■ WHAT THE TASK REQUIRES ■
Print only the lines from the one with "africano ikat floral" through the end of the data, exactly, and please omit pictures.

#### SOURCE MATERIAL

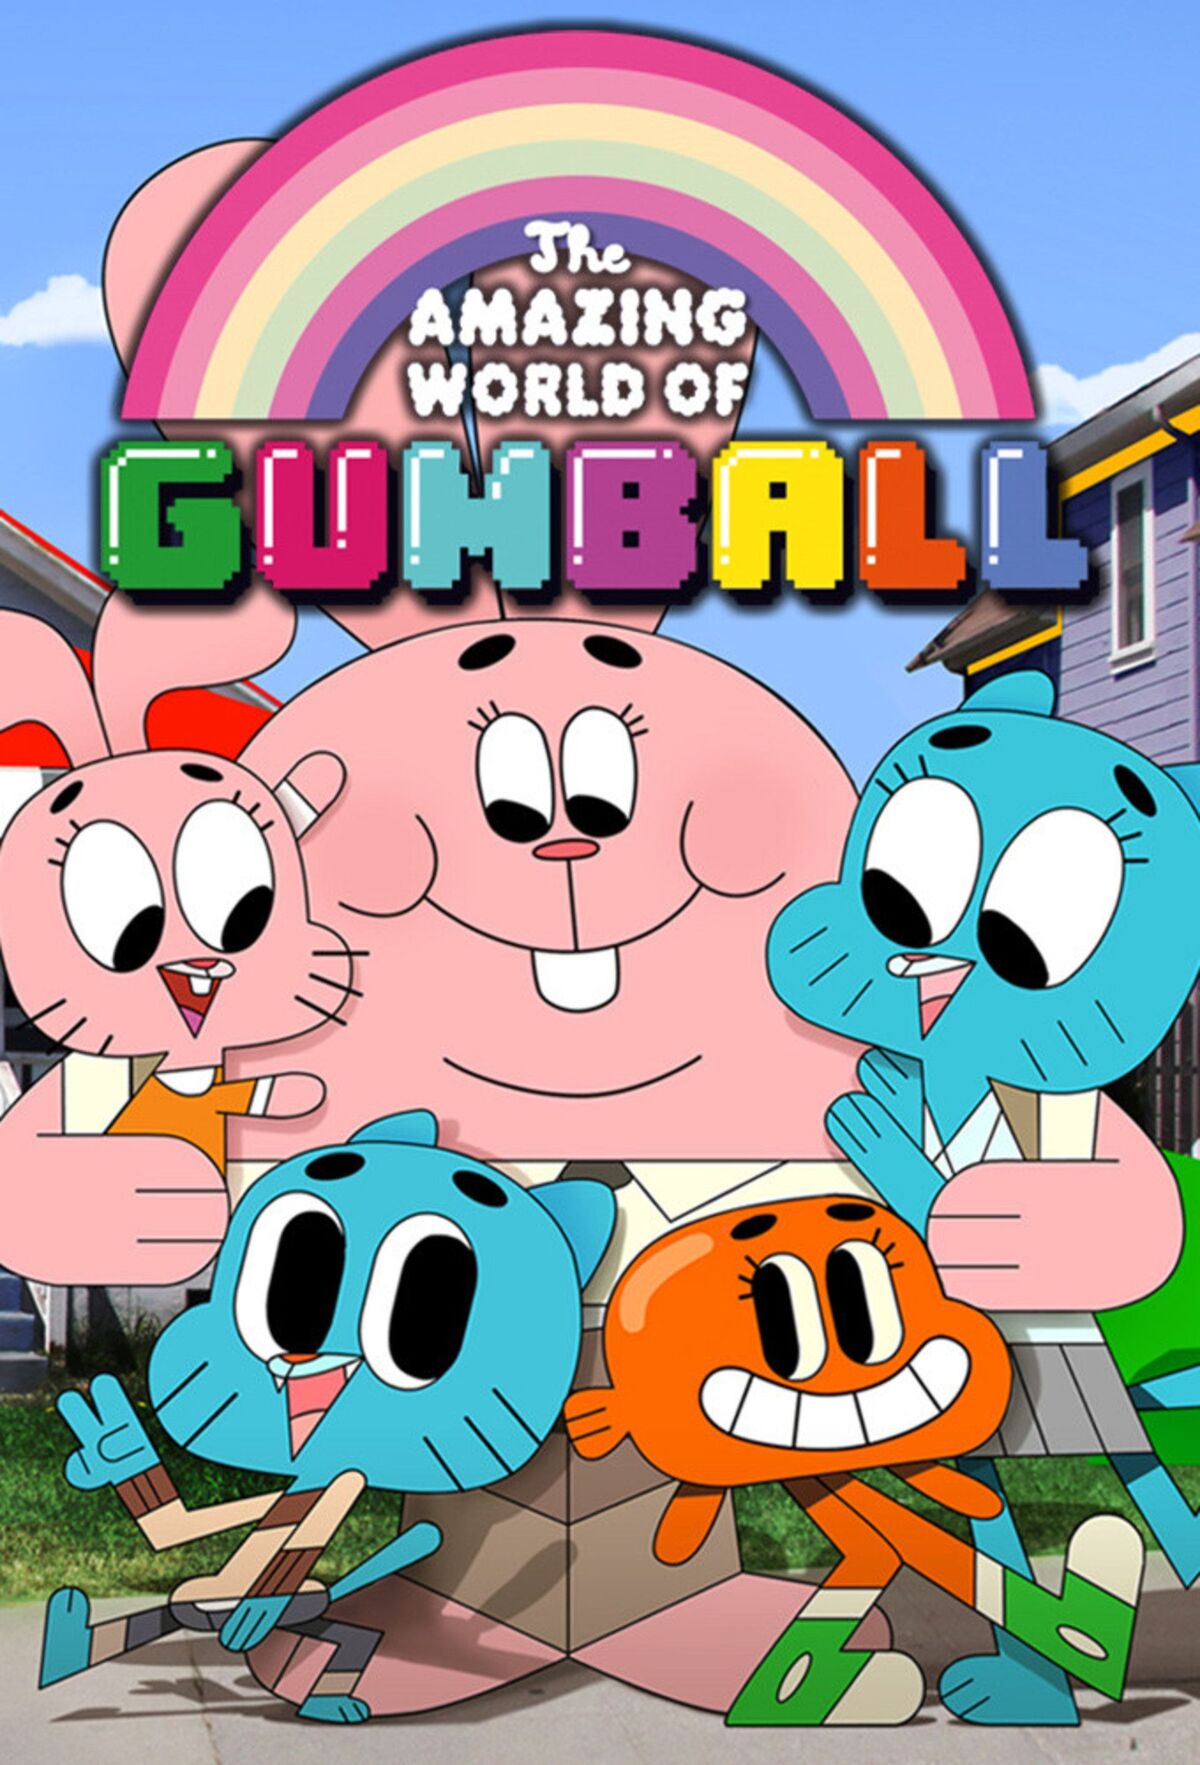 The Amazing World of Gumball The Dream (TV Episode 2013) - IMDb
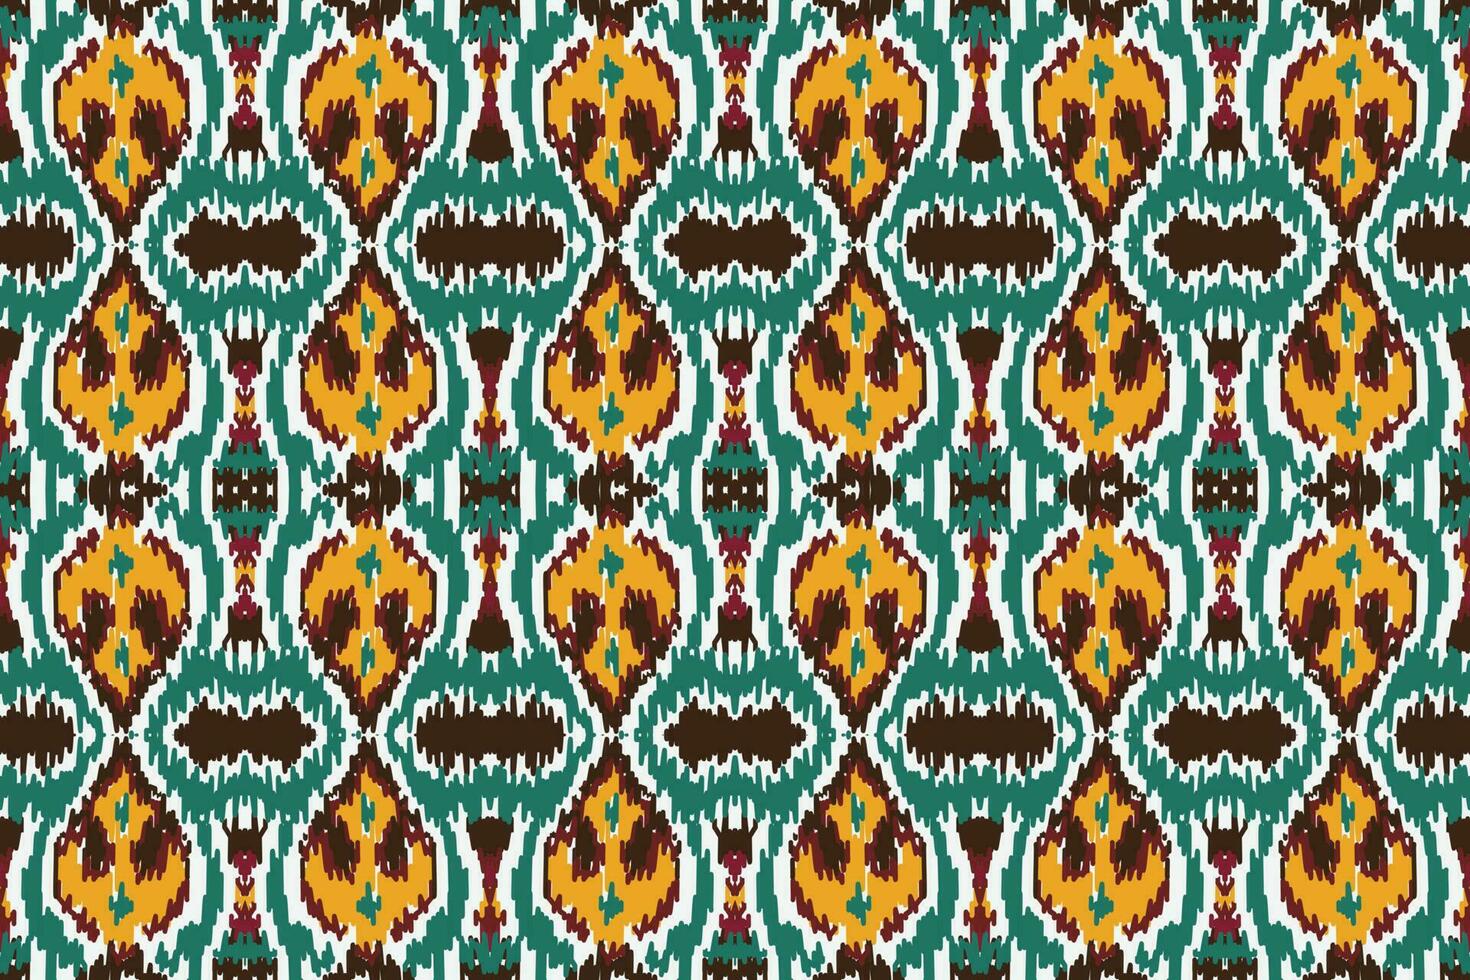 africano ikat floral paisley bordado fundo. geométrico étnico oriental padronizar tradicional. ikat flor estilo abstrato vetor ilustração. Projeto para impressão textura, tecido, saree, sari, tapete.
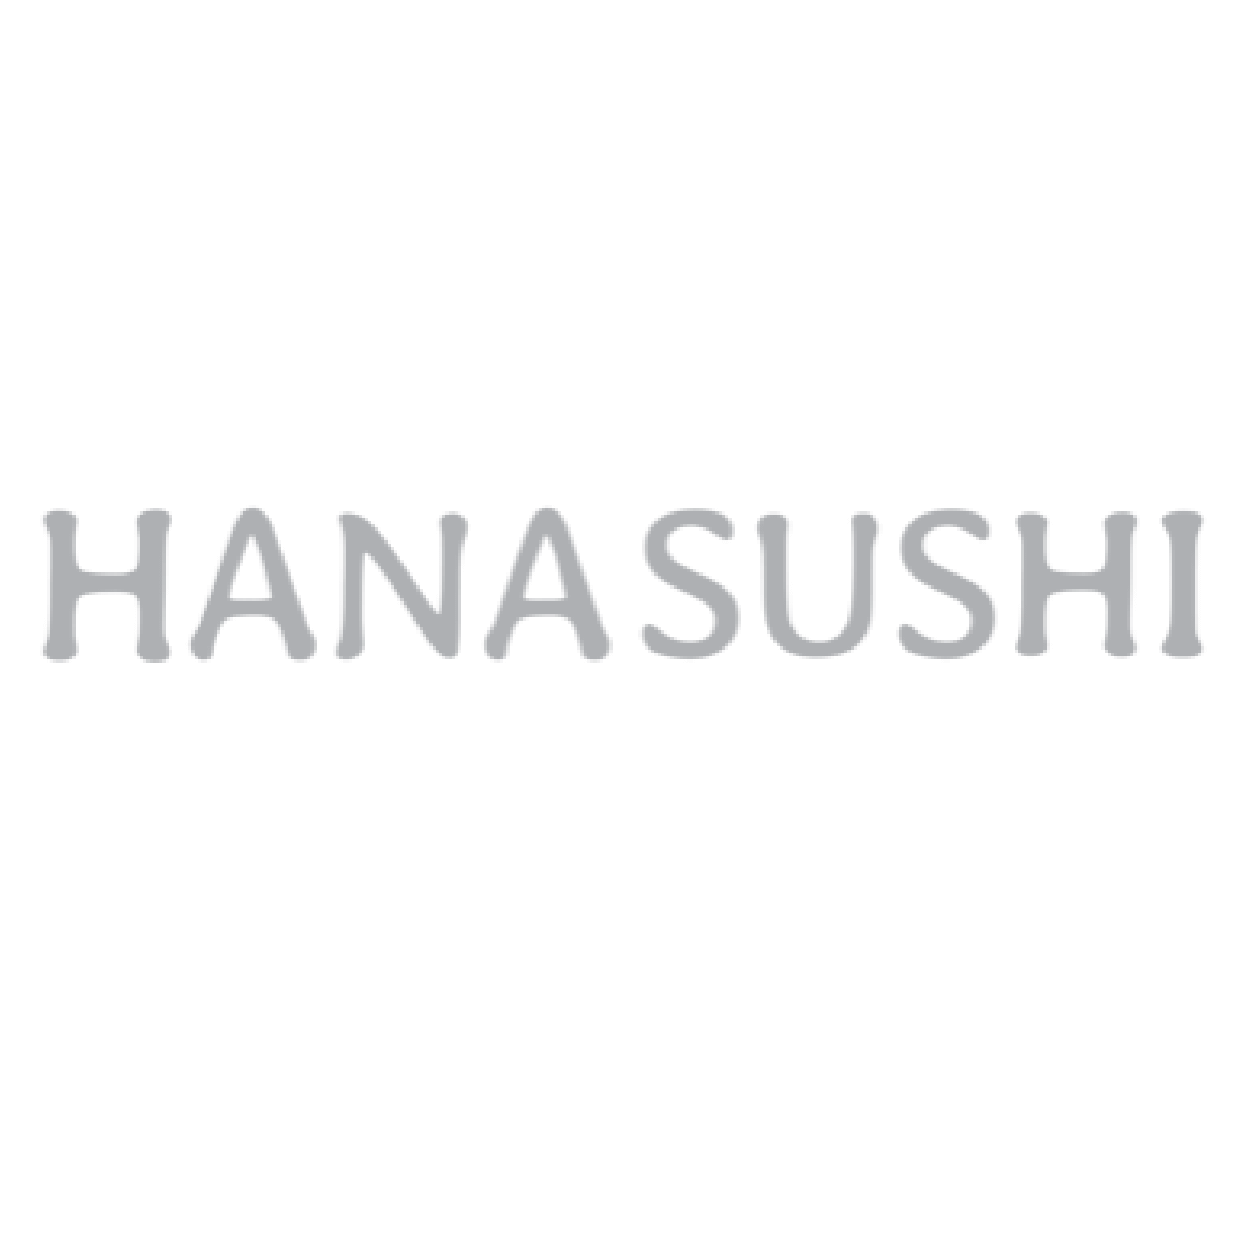 Hana Sushi

########

■ ANSWER SPACE ■
 africano ikat floral paisley bordado fundo. geométrico étnico oriental padronizar tradicional. ikat flor estilo abstrato vetor ilustração. Projeto para impressão textura, tecido, saree, sari, tapete.
 Hana Sushi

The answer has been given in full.